The case of F v F is a perfect illustration of the abovementioned point. It is stated at paragraph 54 thereof-

“If she found interaction with professionals daunting, it is then only logical to expect an encounter with five strange judges, ill-equipped to deal with the situation, to be thoroughly intimidating. Such an exercise would clearly not bear much, if any, fruit. It seems to me that, if either of the parties considered that there was a need to submit additional evidence in this regard, the proper route to follow would have been to have had the child interviewed by appropriate professionals, as was done previously, and to seek to place that evidence before the court.”

Are the child’s wishes always in their best interests?

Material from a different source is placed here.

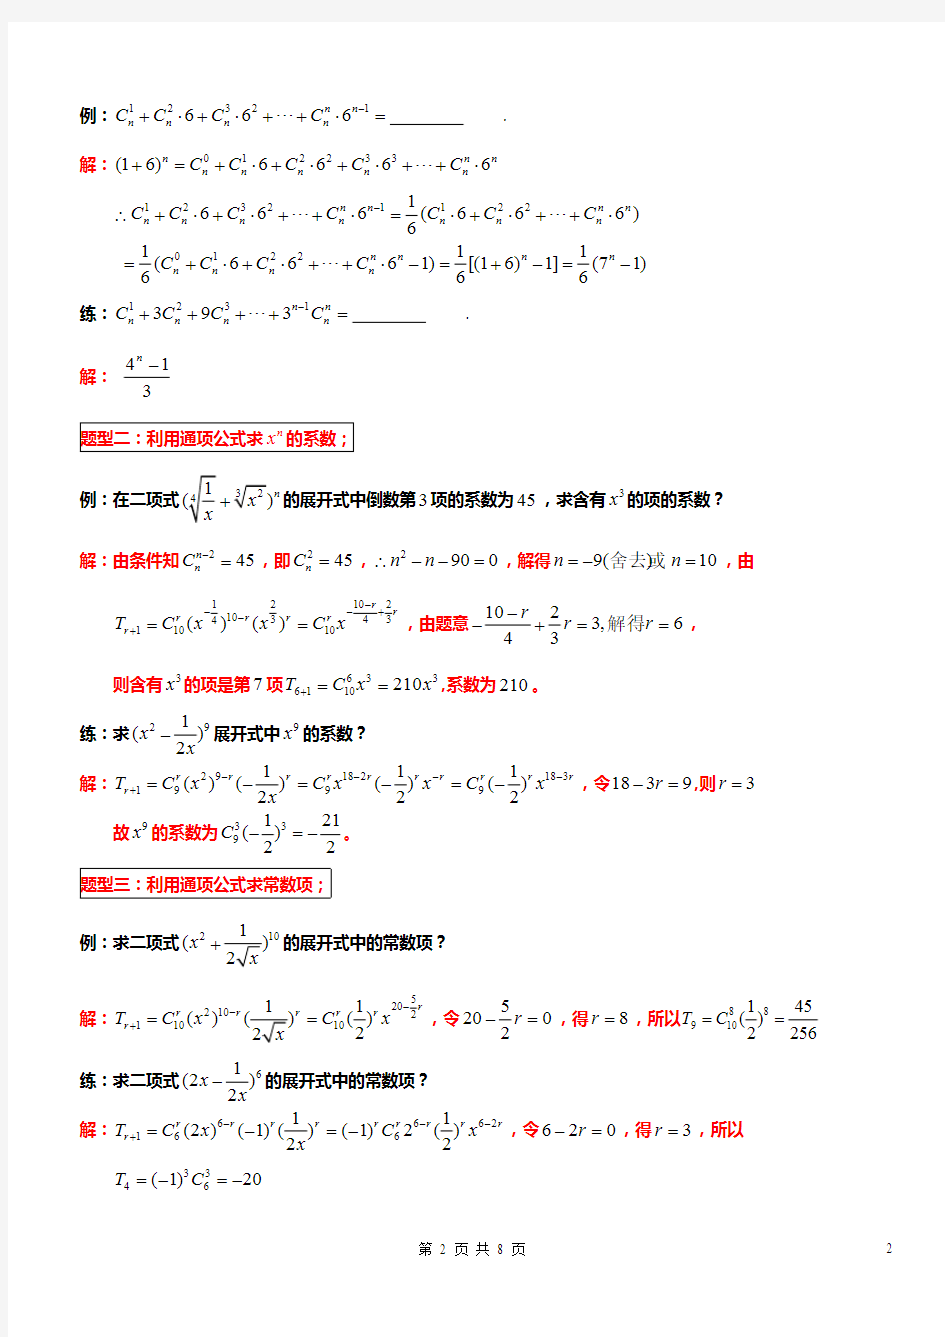 二项式定理十大典型例题配套练习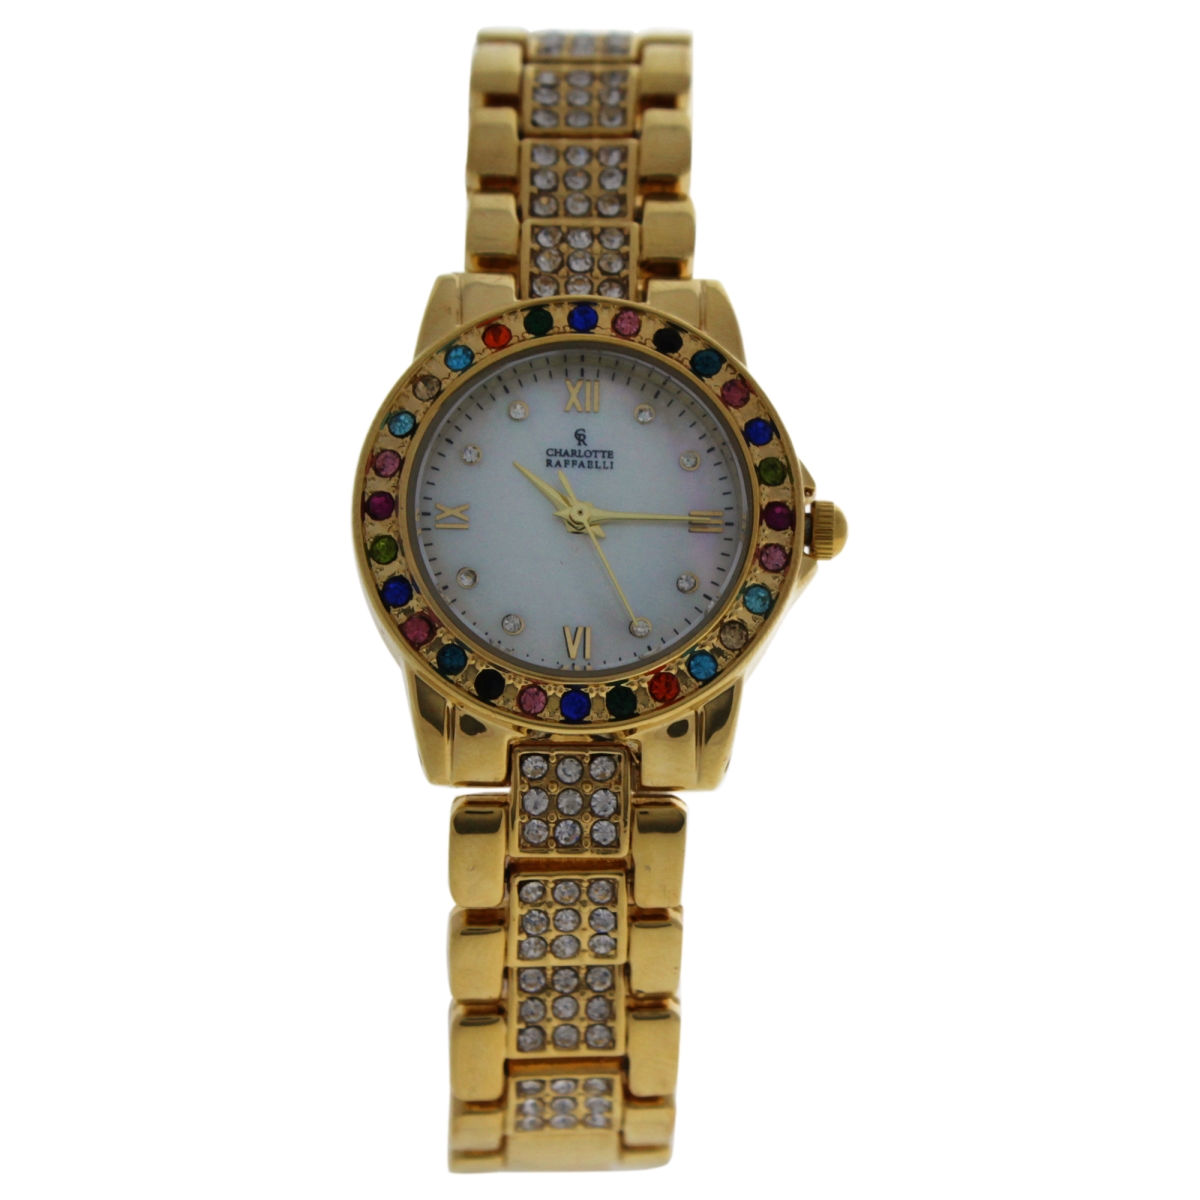 W-wat-1443 Gold & Multicolor Stainless Steel Bracelet Watch For Women - Crm001

From a practical point of view children are represented by a lawyer in court. These people are normally appointed by the court and they are experts in the field of what is in the best interest of the child, and they too will do a report to court after they interview the parties and the child. One must keep in mind the difficult position the Constitution and the Children’s Act may bestow on the legal representative acting on behalf of the child as they would have to decide whether to act in the best interests of the child, as stated in the Children’s Act, or whether to give precedence to their client’s wishes and thereby give precedence to the relevant Constitutional principles.

In Soller No v G and another, the court clarified that a legal representative of the child must always act in terms of Section 28 of the Constitution and “use his or her legal skills to represent the interest of the child, acting as their voice.”

The case further illustrates that the court has to assess matters in which children’s opinions are expressed very carefully.

The matter dealt with an adolescent child who approached the court for a variation of a custody order. The court assigned a legal representative in terms of Section 28(1)(h) stressing that “a child in civil proceedings may, where substantial injustice would otherwise result, be given a voice.” The Judge obtained a report from the family advocate to assist her in deciding whether custody should be awarded to the father of the child. Evidence showed that the father had instructed the child to be obstructive making the child feel as though he had to favour a certain parent. The psychologists were of the opinion that the child had made his decision due to duress or undue influence. It was held that the father was found to be a manipulative obsessive man and that it would not be in the best interest of the child to award him with sole custody.  Accordingly, the court went against the wishes of the child.

Additionally, there is a universal principle which is found in most of the international instruments or conventions dealing with the rights of a child which states that the best interest principle supersedes any wishes or opinions the child may have. In considering what is in the best interests of the child, a convenient point of departure is the Constitution.  Section 28(2) of the Constitution provides that “a child’s best interests are of paramount importance in every matter concerning the child”.  This is a universal principle which is found in most of the international instruments or conventions dealing with the rights of a child.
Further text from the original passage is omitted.